DATA FOR THE TASK -
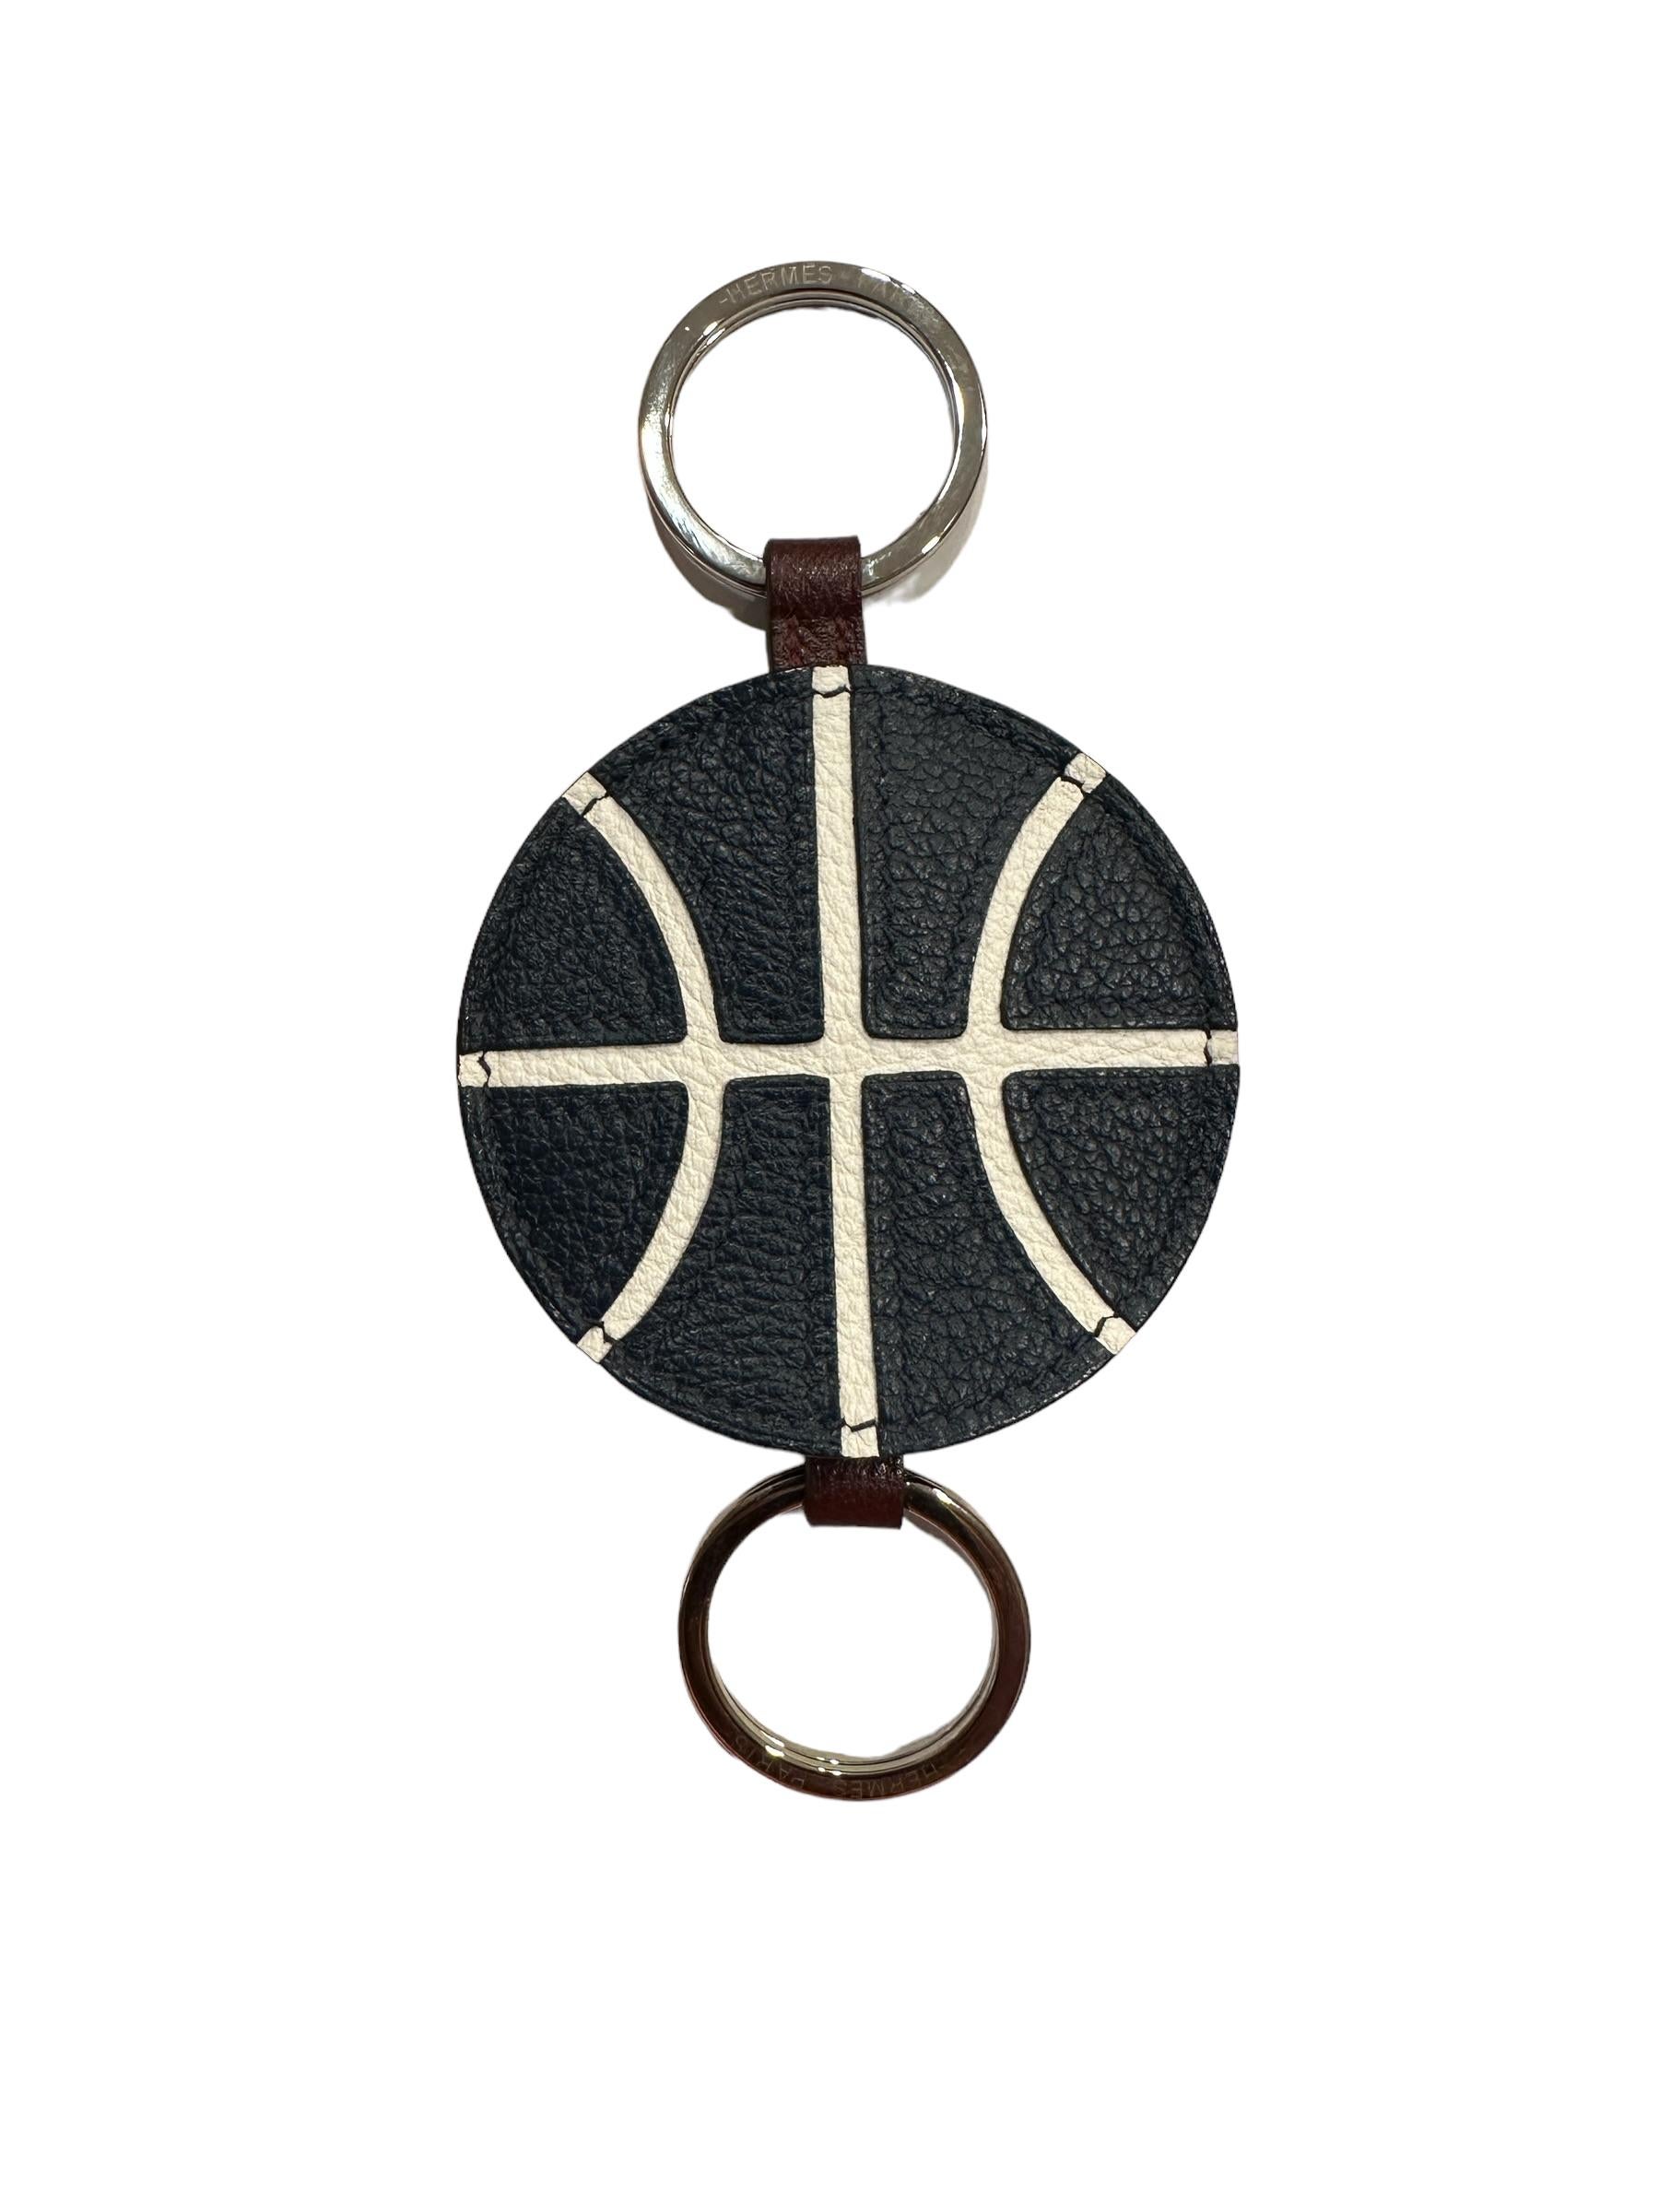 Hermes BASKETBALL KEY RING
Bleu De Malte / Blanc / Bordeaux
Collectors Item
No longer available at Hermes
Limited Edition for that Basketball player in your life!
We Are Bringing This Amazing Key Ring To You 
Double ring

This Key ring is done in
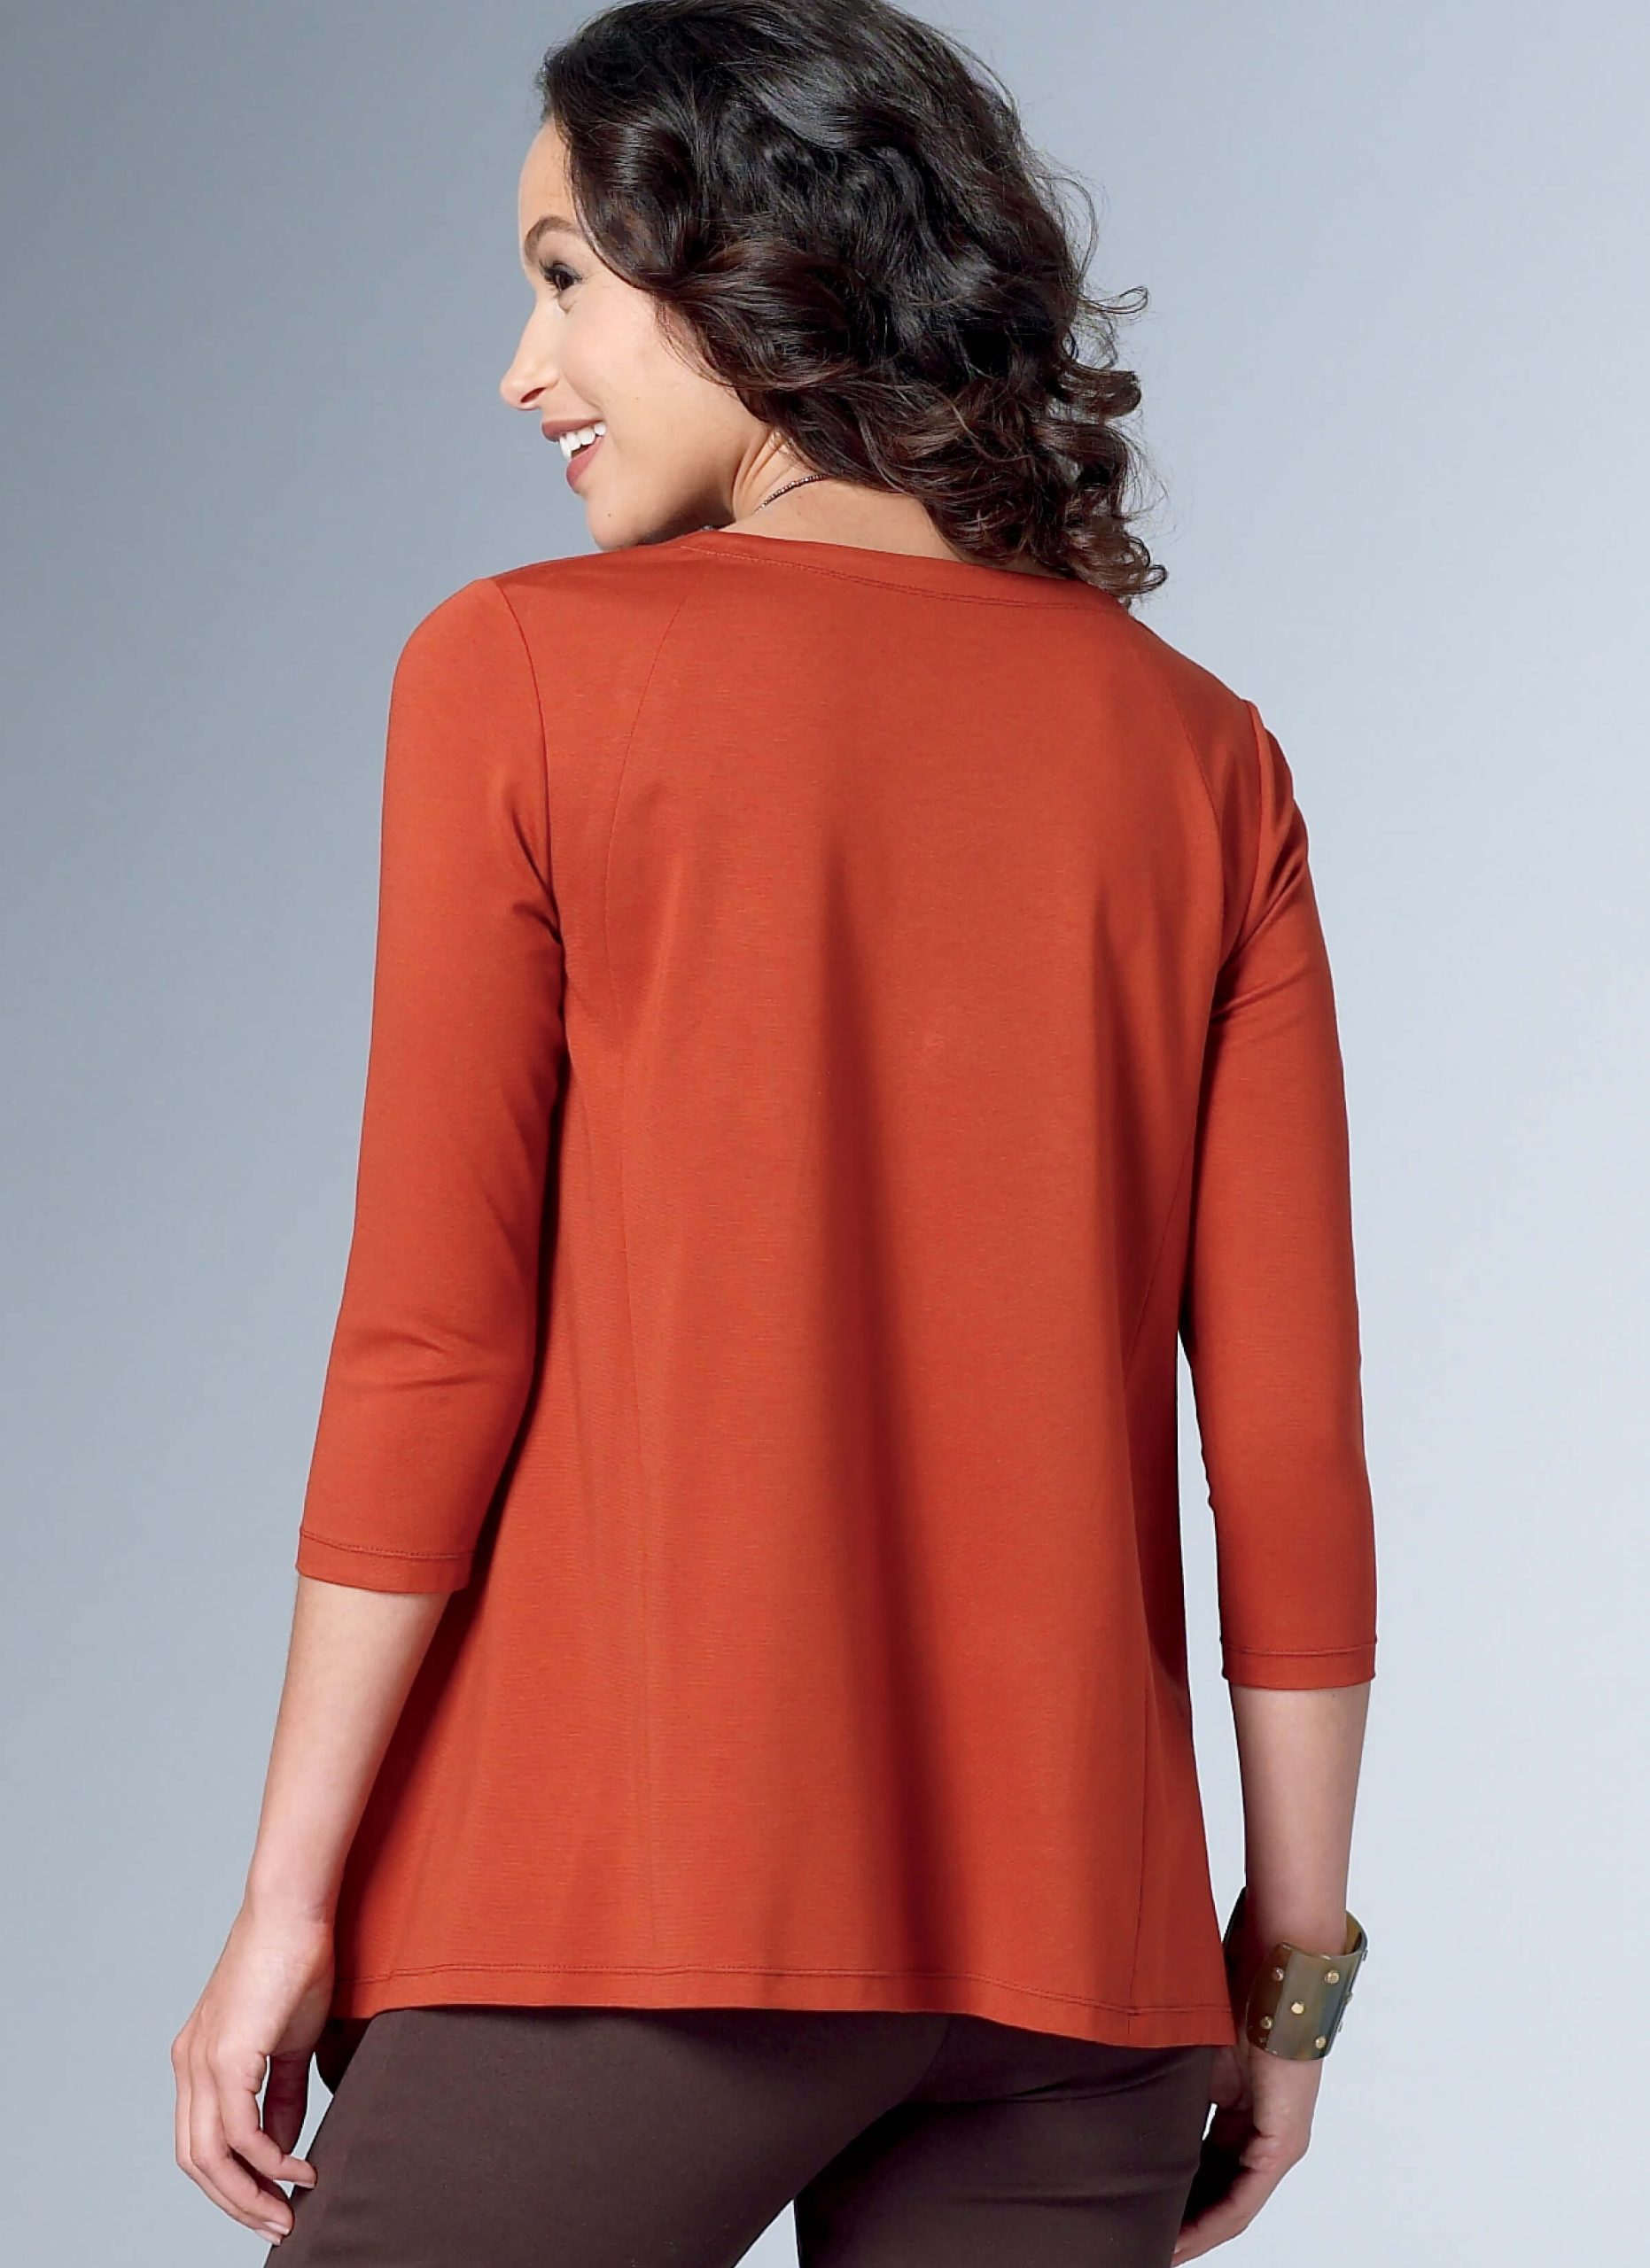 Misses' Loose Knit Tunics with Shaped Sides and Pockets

WORK TO COMPLETE -
Whatever the records hold apart from pictures should be repeated exactly.

WRITTEN RESPONSE -
 Hermes BASKETBALL KEY RING
Bleu De Malte / Blanc / Bordeaux
Collectors Item
No longer available at Hermes
Limited Edition for that Basketball player in your life!
We Are Bringing This Amazing Key Ring To You 
Double ring

This Key ring is done in
 Misses' Loose Knit Tunics with Shaped Sides and Pockets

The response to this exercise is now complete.